I'd say Santiago too. Trust me you will not get bored and the accent is perfectly easy to understand. 
I don't see the weather as a problem, as winter are mild and summers tend to be hot (but not scorching hot like in Granada, for example) .The only thing that could be remotely bothersome is the rain?


----------



## jennyrink (May 19, 2011)

DunWorkin said:


> Is it not possible to go to Madrid? This would seem the best option for you.


Hi DunWorkin,

I agree with you


----------



## Sonrisa (Sep 2, 2010)

jennyrink said:


> Hi DunWorkin,
> 
> I agree with you


doh, yeah, so do I. But he can only go to selected cities, and Madrid is not included.


----------



## Spanky McSpank (Aug 27, 2009)

Any one of those cities would be great. I love Barcelona but to going there to learn Spanish, I'm not sure. Valencia I don't know that well, seemed nice enough but the other places seem better.

Santiago I know well, you wouldn't get bored, it has a very large student population and there is lots to do. Also near other areas to explore. The weather is bad though, it rains a hell of a lot. They speak galego in some places but castellano is used a lot in the centre.

Granada I love too, lots to do, lots of students and things to do. Gets lots of tourists though.
Tough choice there mate.


----------



## grandad (May 17, 2011)

Valencia Its on the right side for a start in spain you can take a trip to madrid once there 
but i would not start in basa if you are trying to learn spanish


----------



## jimkennedy (Jul 19, 2010)

My background is limited, so I can't add much about any of your options except Barcelona. I moved here in November, and I live in Gracia.

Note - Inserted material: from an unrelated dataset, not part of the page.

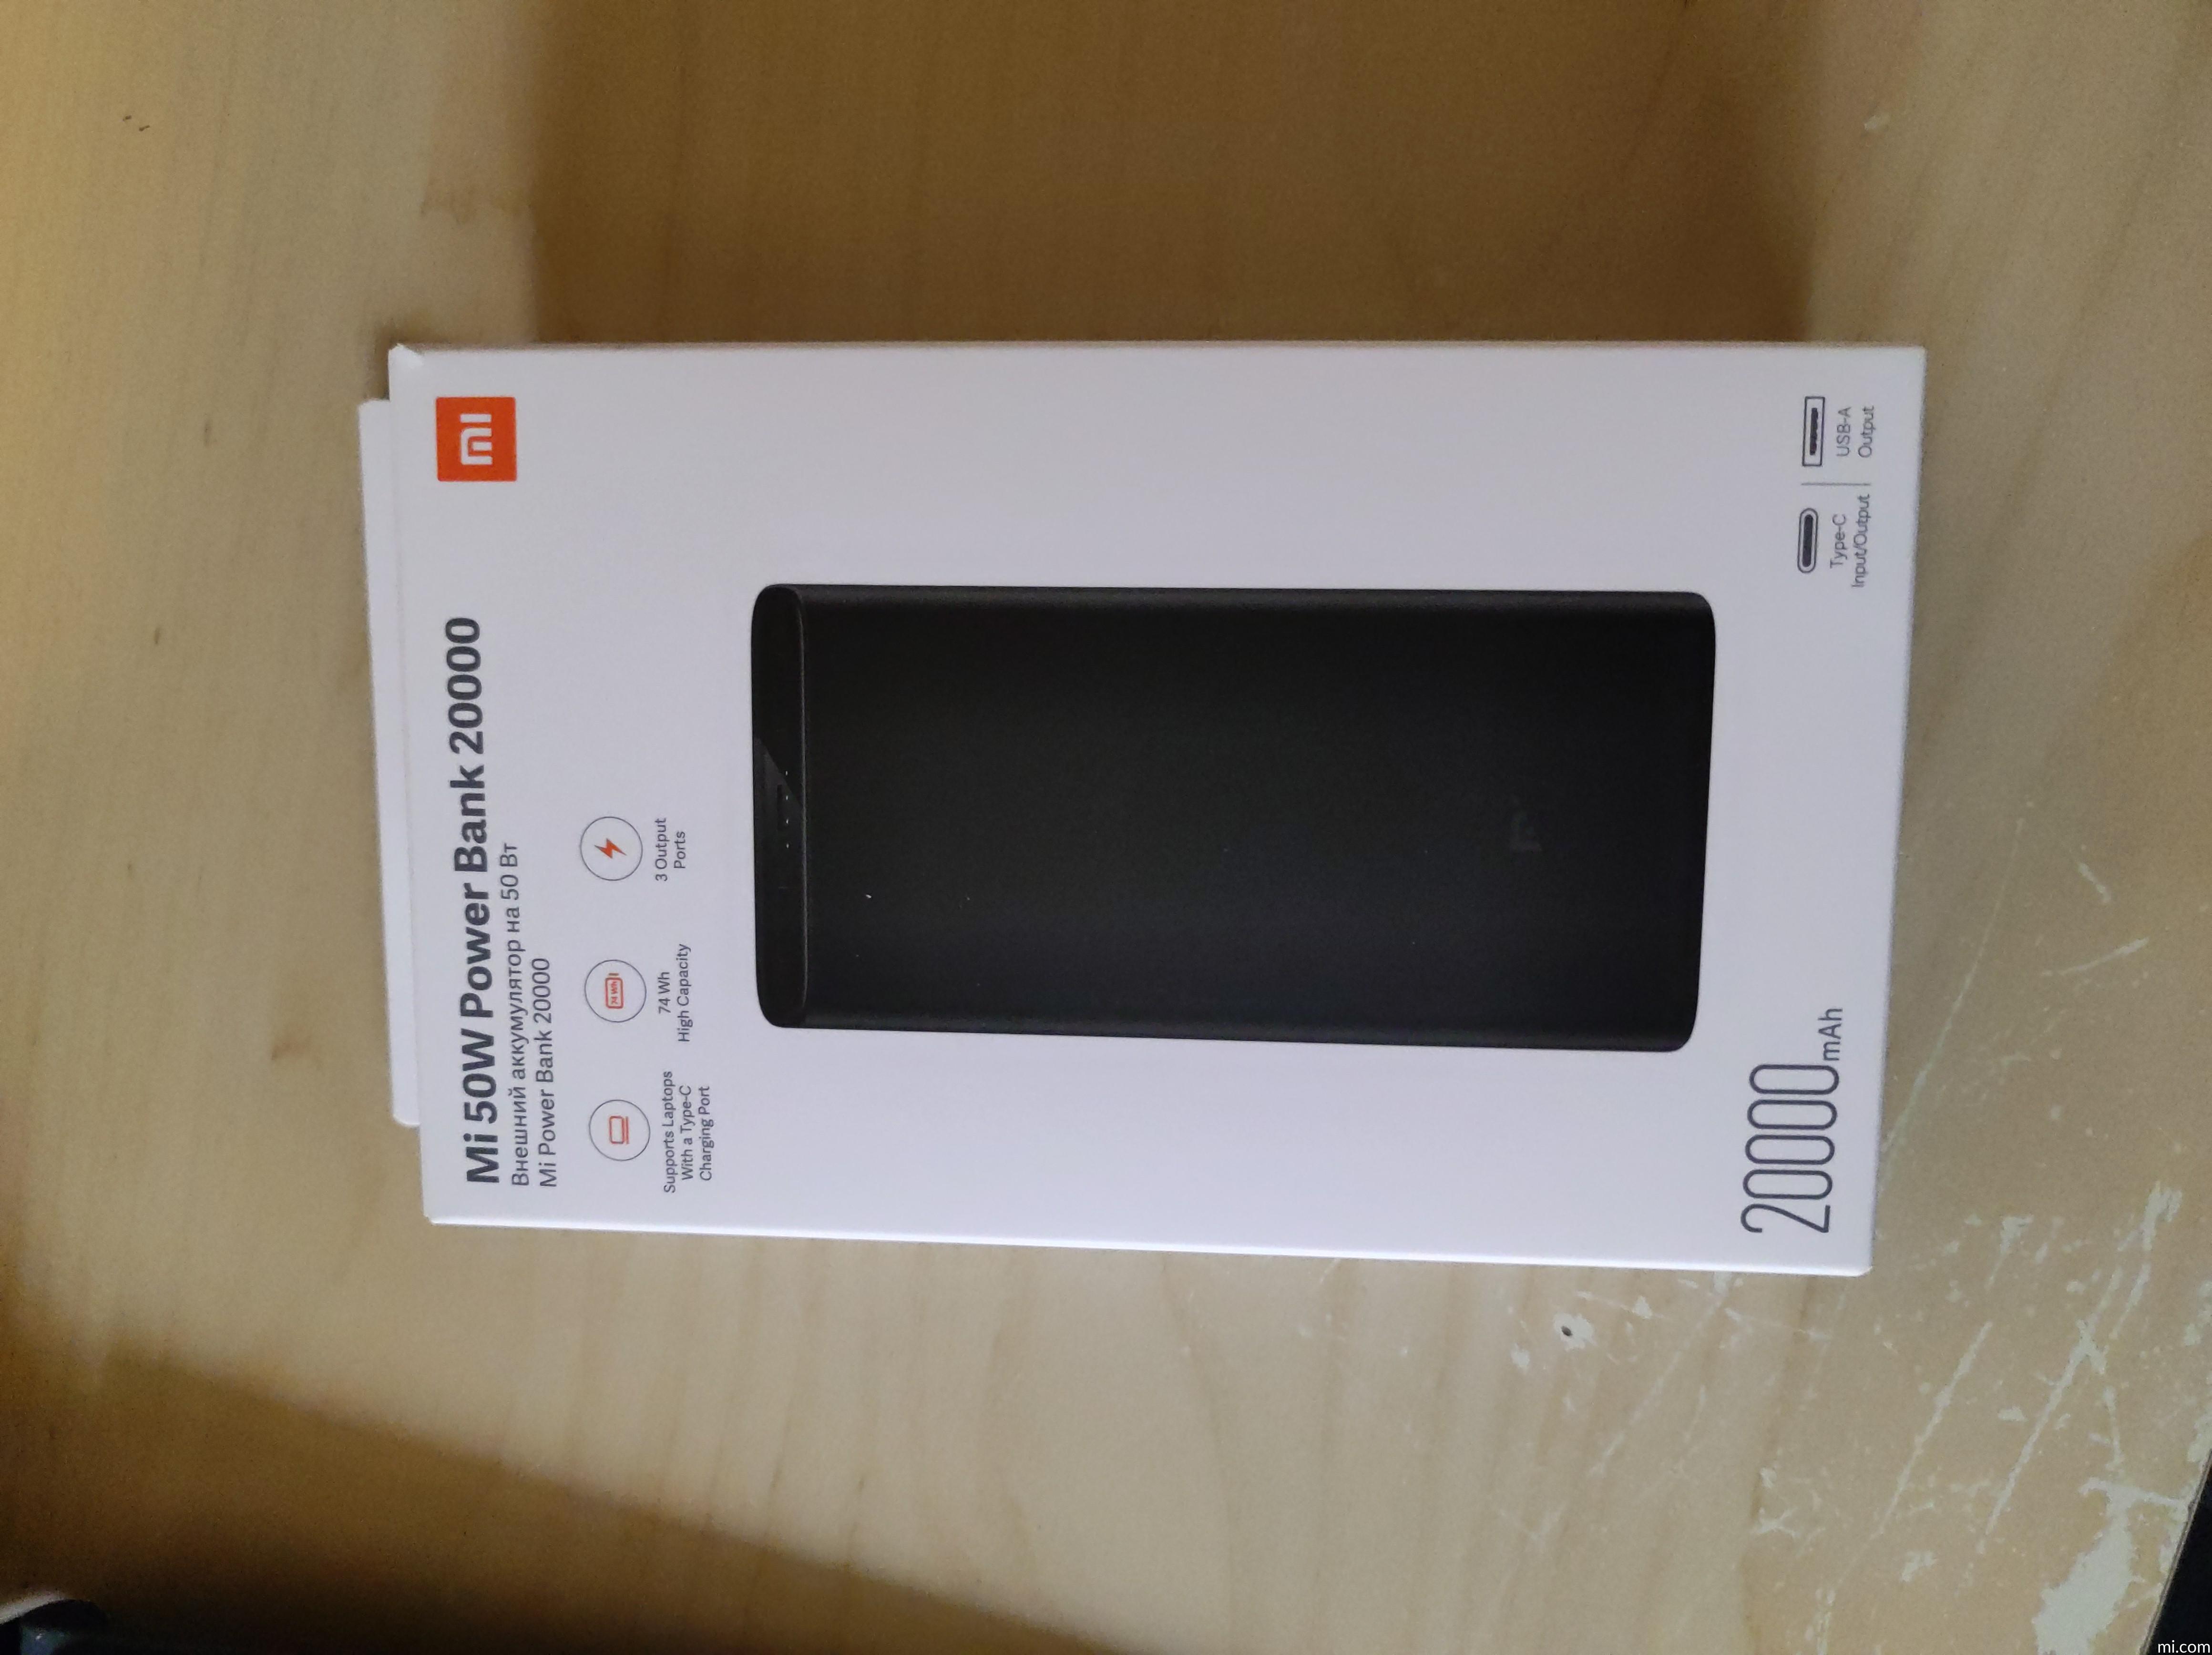 Batería externa Xiaomi, 20,000 Mah, 50w, negro

Language - don't worry about Catalan. Yes, most people speak it, but everyone has Castellano and there's no hassle if you can't speak Catalan. There's no pressure to speak it. Best thing is to learn to say please, thank you, hello, and goodbye, then use your Spanish. 

Tourism - it's a big tourist town no doubt, but for very good reasons - it's beautiful here. If you live in Gracia, you won't see too much of the tourists. I work near Placa de Catalunya so I see tourists all the time, but off the tourist trail, it's fine. 

Barcelona is different that's for sure. I'm only here six months, but I'm beginning to think there's no 'typical' Spanish city. Every place has such a local feel that people from other parts of Spain are tourists in their own country, in a sense. 

Other than that, my Spanish teacher say that Valencia is terrible, and he's from there. If you were choosing between those two, then come to Barcelona, as you can visit the smaller Valencia on a weekend. I've never been there, so this isn't a judgment. Don't shoot me....


----------



## Stravinsky (Aug 12, 2007)

jimkennedy said:


> Other than that, my Spanish teacher say that Valencia is terrible, and he's from there.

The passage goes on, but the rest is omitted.